Companies and taxpayers spend a lot of money to manage this risk. And despite all of these efforts, illnesses and even outbreaks still occur. After an outbreak, foodborne illness victims may find a lawyer like Bill Marler who can force some financial accountability on the company that sold the contaminated food. But most foodborne illness victims have no idea who made them sick, and so civil liability alone provides incomplete incentives. Without the right rules and inspection regime, some companies will be tempted to cut corners on food safety, and those that wish to adequately invest in preventing foodborne illness may find they are competing on an uneven playing field.  

Now, what if the heads of federal food regulatory agencies allow the food companies to determine the rules and inspection regime? What if the biggest, richest food companies are allowed to pay for the rules they like? Then, the rules may have less to do with food safety than about protecting big companies from competition, or otherwise boosting their profits. 

Cynics out there might say we already have this system, that Big Food has already captured agencies like FDA and FSIS. But let’s be serious. Food safety advocates like me might push federal regulators to require more precautions from industry, and to defer less to claims that consumer protections — like Salmonella product standards for poultry — are too expensive. That is a far cry, however, from condemning these regulators as a tool of corporate oligarchs. 

Now that may change. The launch of $Trump coin appears to signal a new era of patronage politics. The coin essentially serves as “a deposit-only Swiss-bank-account number online, into which people can deposit funds and privately show . . .  the receipts for their deposits.” Will some unscrupulous company — maybe one with a history of paying bribes like the Brazilian conglomerate JBS — buy $Trump coin in exchange for favorable regulatory treatment? Maybe not. But the possibility alone undermines confidence in the whole food safety system. And the scam casts other actions of dubious legality, such as the dismissal without cause of 17 inspectors general, in an eerie light.

Transparency could counter these concerns. But here again we see bad omens. What justifies suspending notice to the public of foodborne illness outbreak investigations? Nothing legitimate comes to mind. On the other hand, if public health authorities stop sharing information, who’s to say whether all that corruption is hurting our health? 

More transparency means safer food. Information like sanitation grades on local restaurants, or updates on which chicken processors are meeting Salmonella performance standards, makes markets more efficient, creating a price signal for food safety. If federal agencies start withholding information to hide their corruption, the impact on public health could be severe. 

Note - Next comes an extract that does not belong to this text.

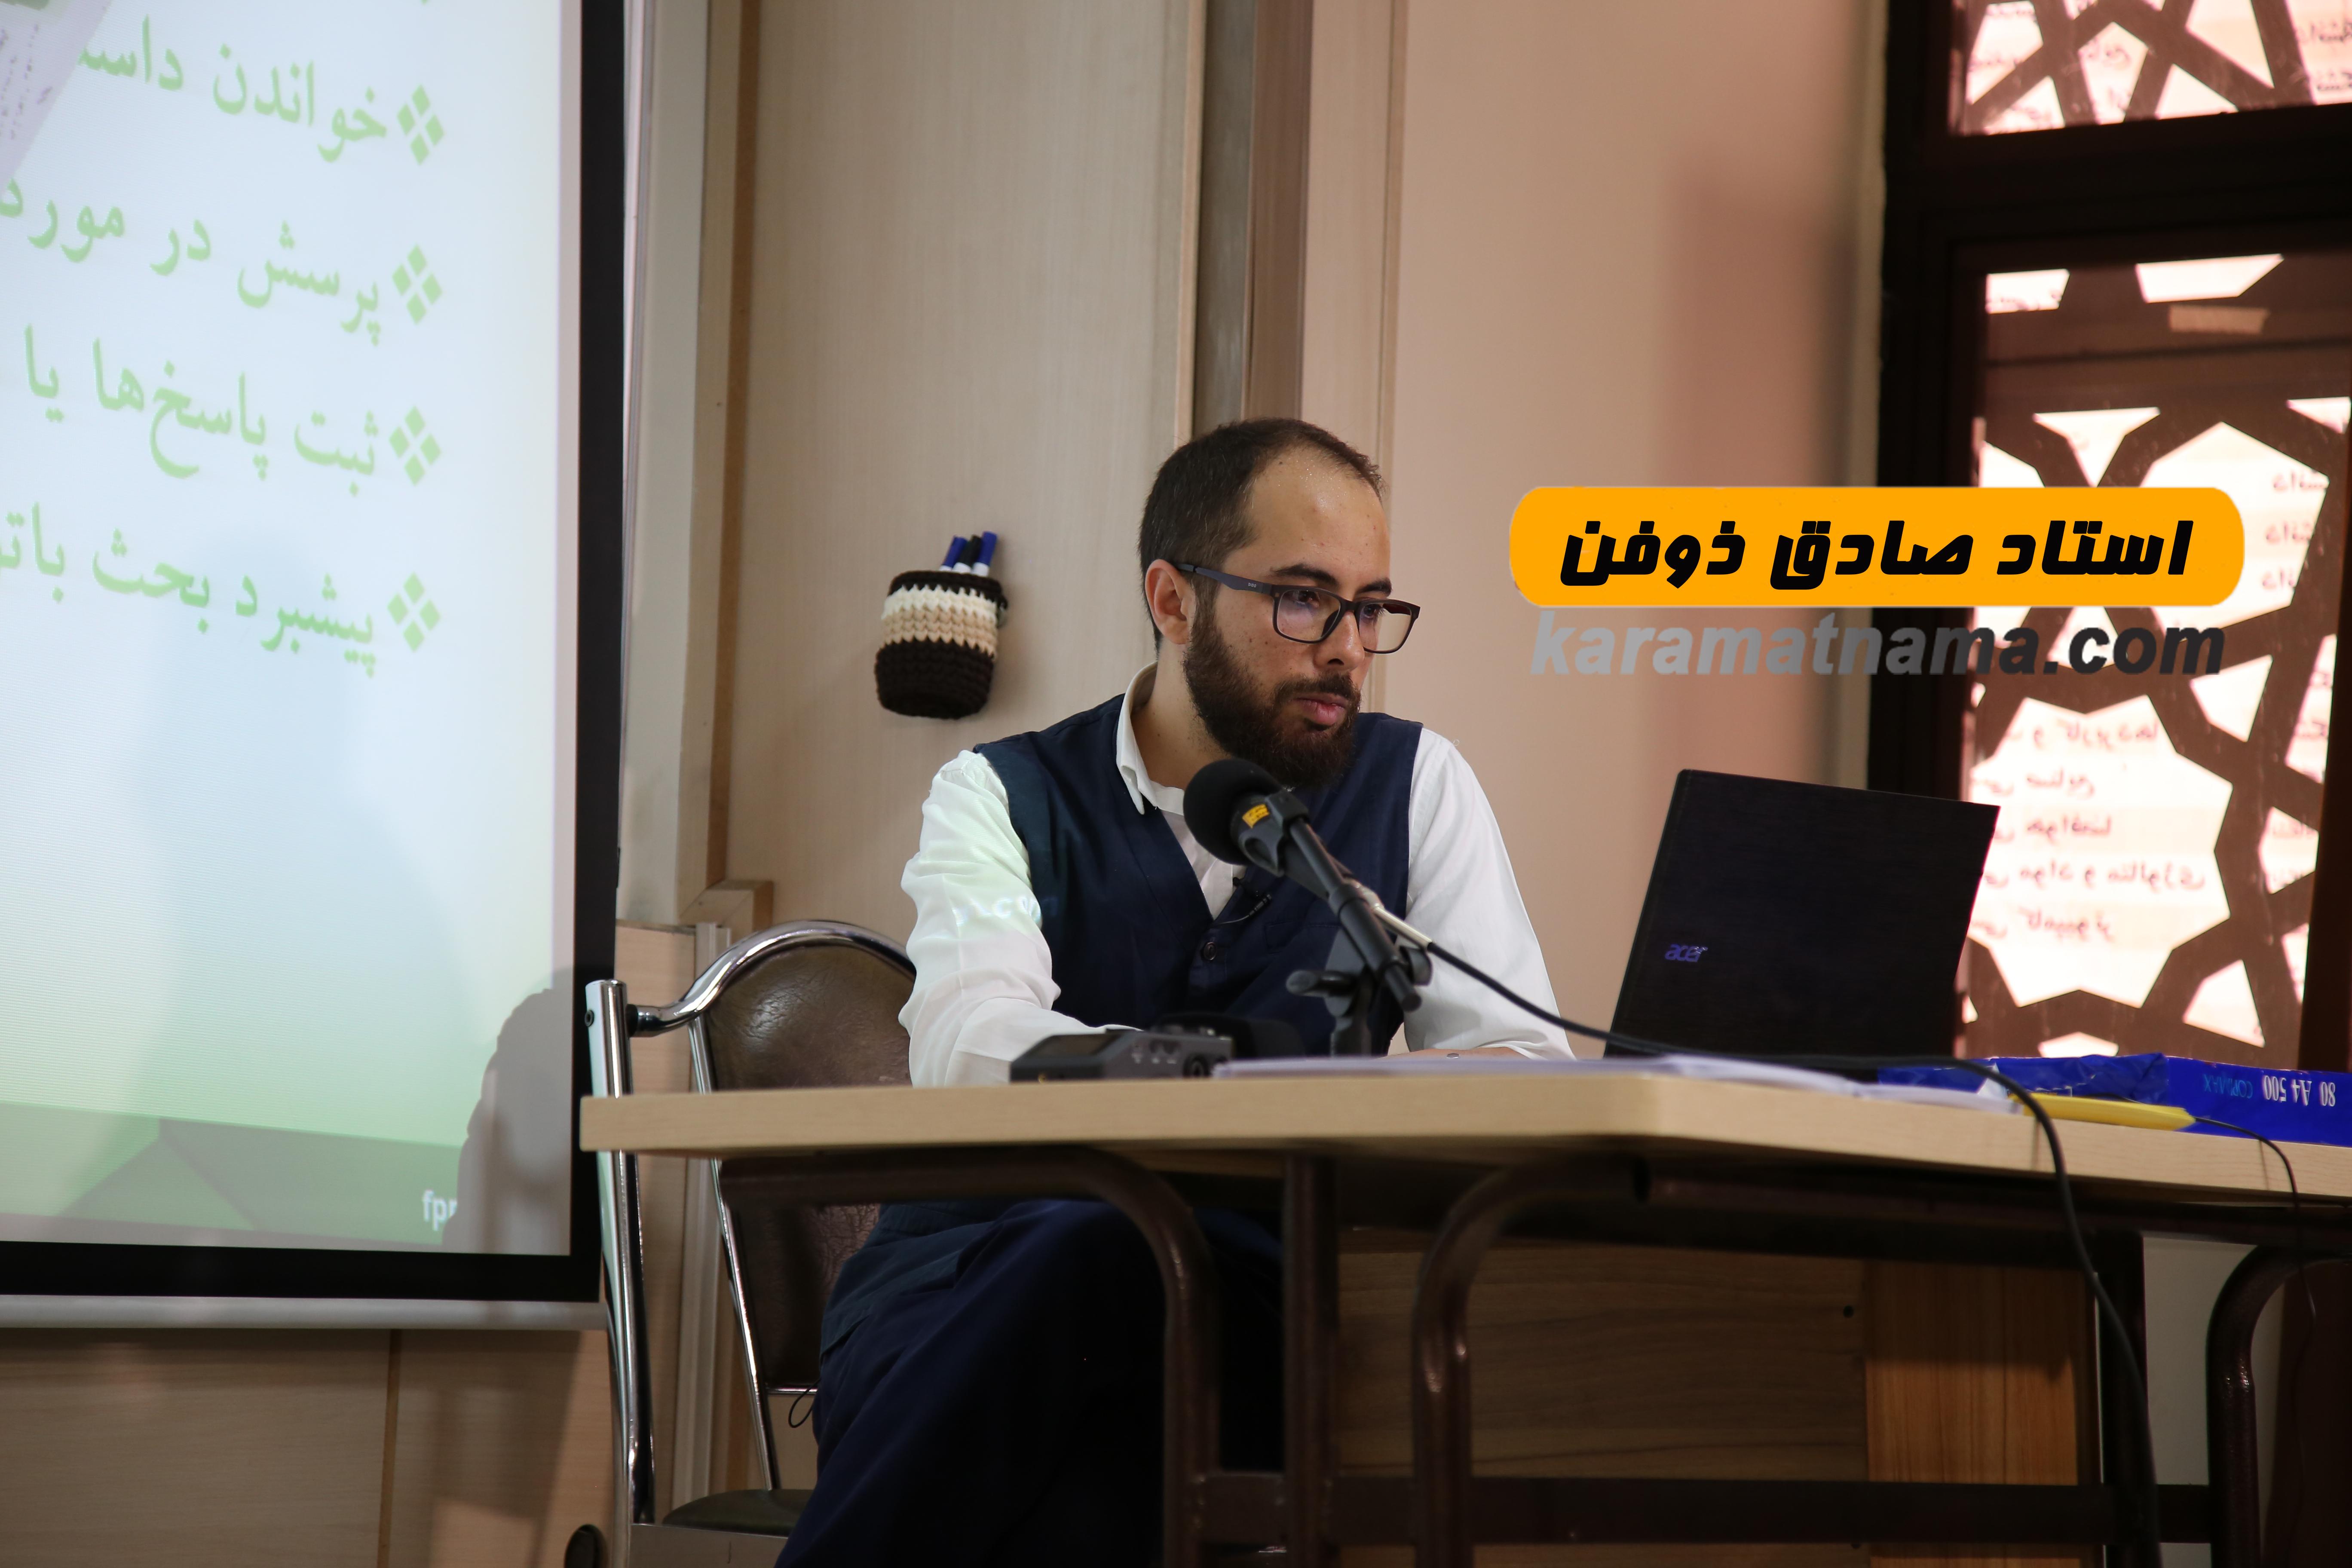 جناب آقای صادق ذوفن - مدرس کارگاه تربیت مربی فکرپروری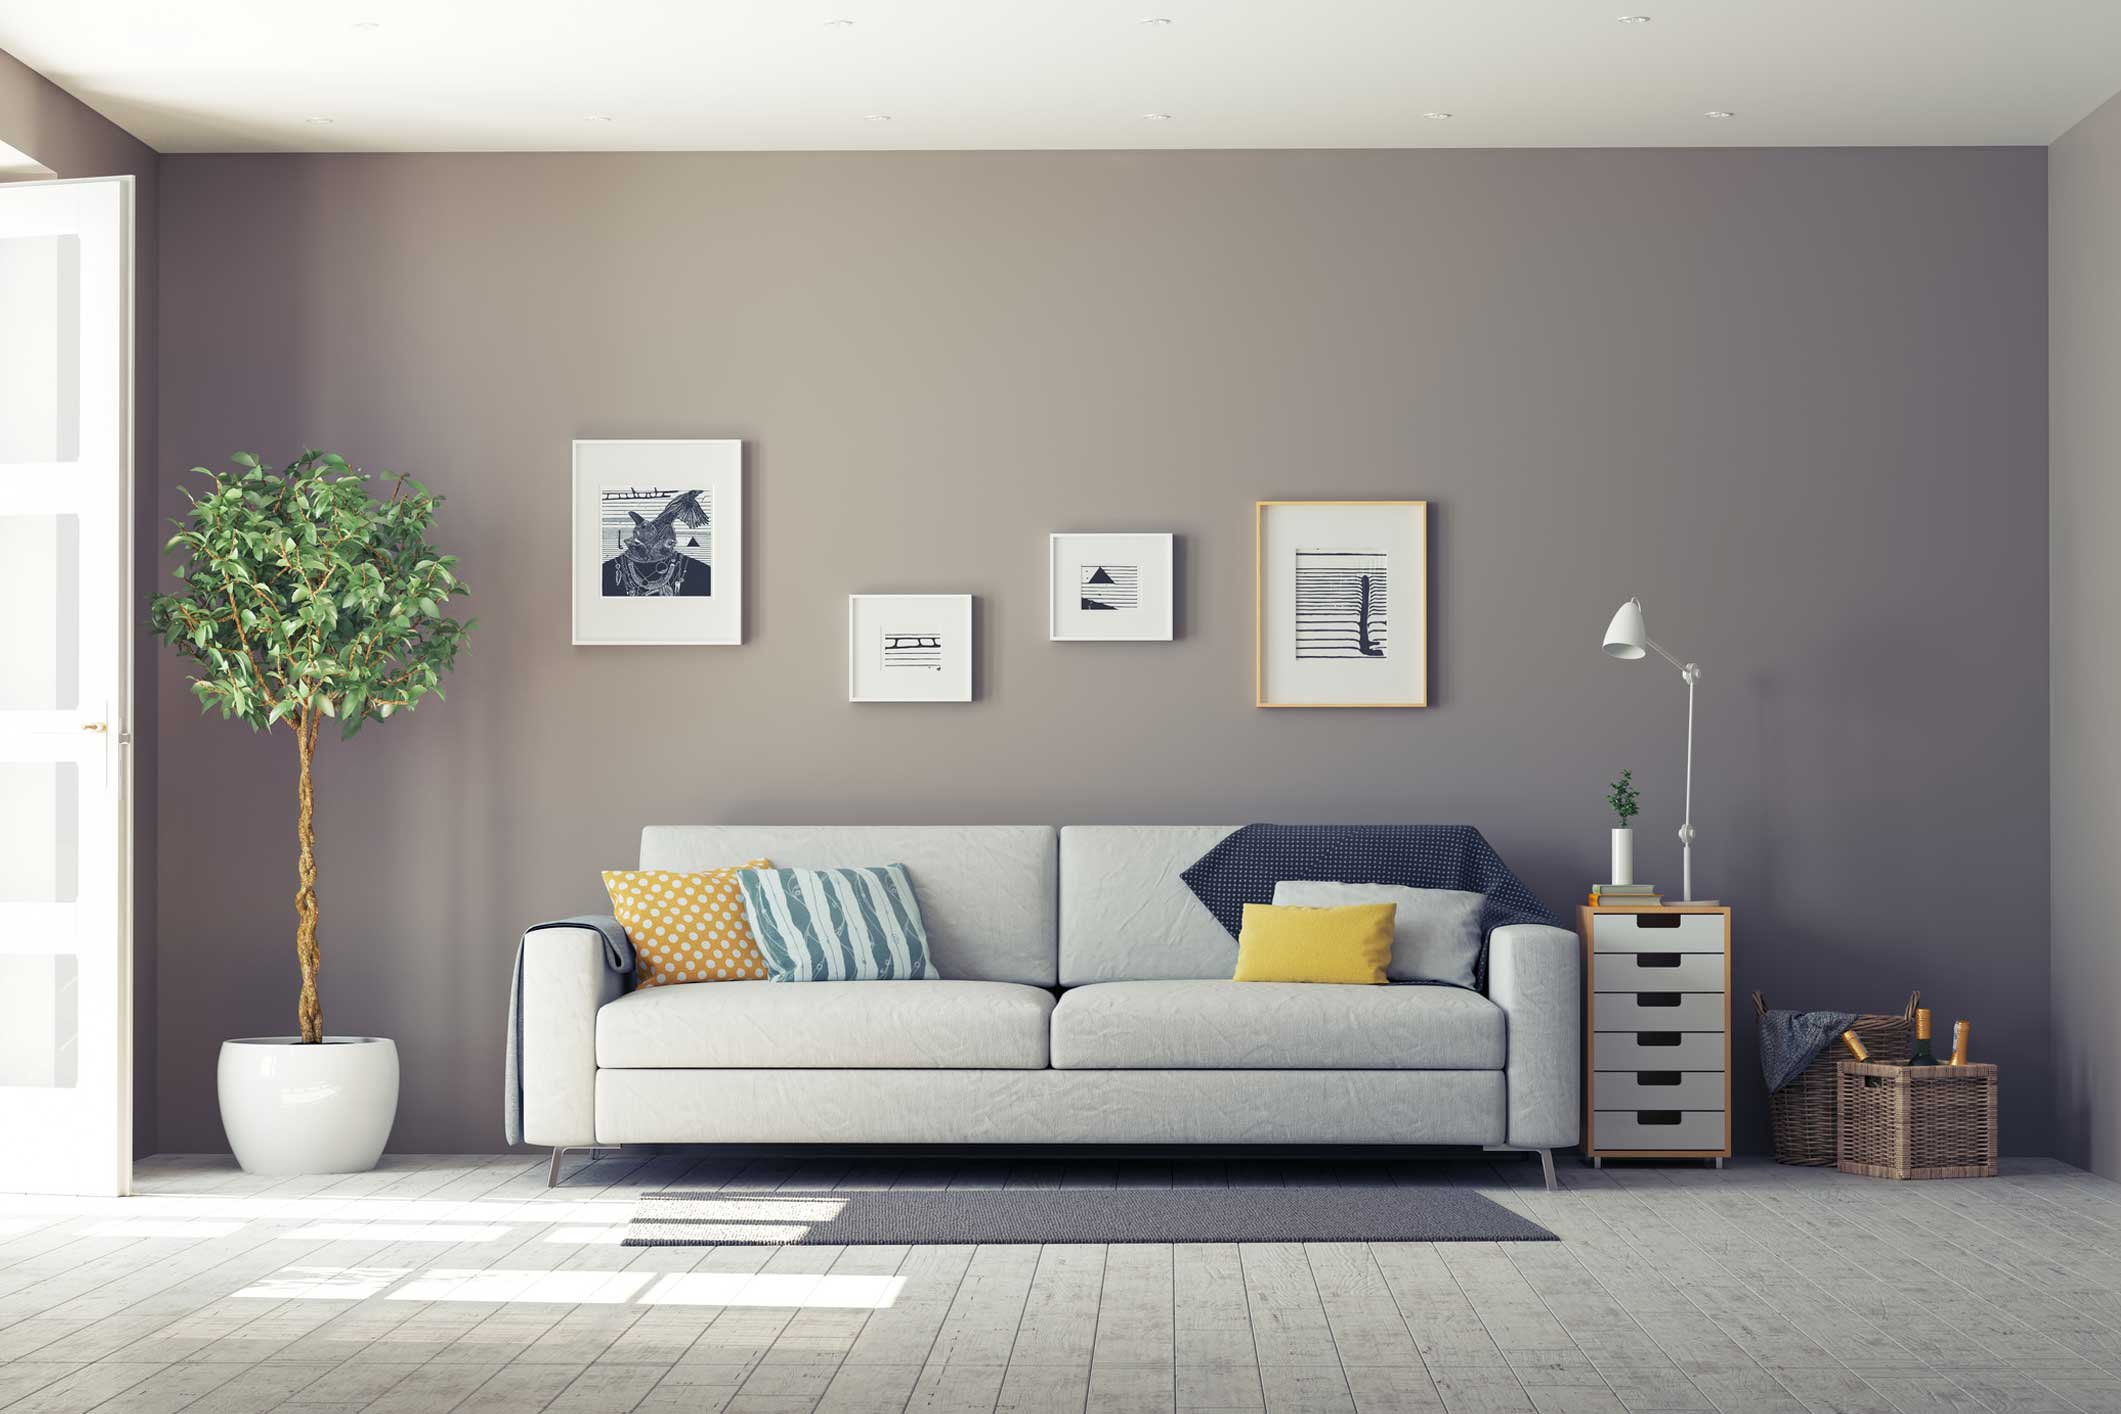 Pittura parete interna

So what should food safety professionals do? One important lesson from the first Trump Administration: don’t believe the narrative! Remember the 2020 Executive Order that purported to keep meatpacking plants open, even when they failed to prevent COVID-19 outbreaks among their workers? As some of us pointed out then, President Trump had no authority to override local health departments’ efforts to protect their communities. But the bluff worked, according to a 2022 congressional investigation. Then Under Secretary for Food Safety Mindy Brashears served with distinction as “the industry go-to fixer in blocking attempts by other regulators to improve health and safety conditions in meatpacking plants.” Under Trump 2.0, state and local governments should not bow to similar pressure, nor should we let them.  

Less than 1,370 days remain until the next presidential election. A lot can happen, maybe even some good things, who knows? Marty Makary seems like a really smart guy. But let’s not pretend what’s happened so far is normal. And let’s not forget that we have a benchmark to measure the cost in lives of what this Administration does to manage foodborne illness risk.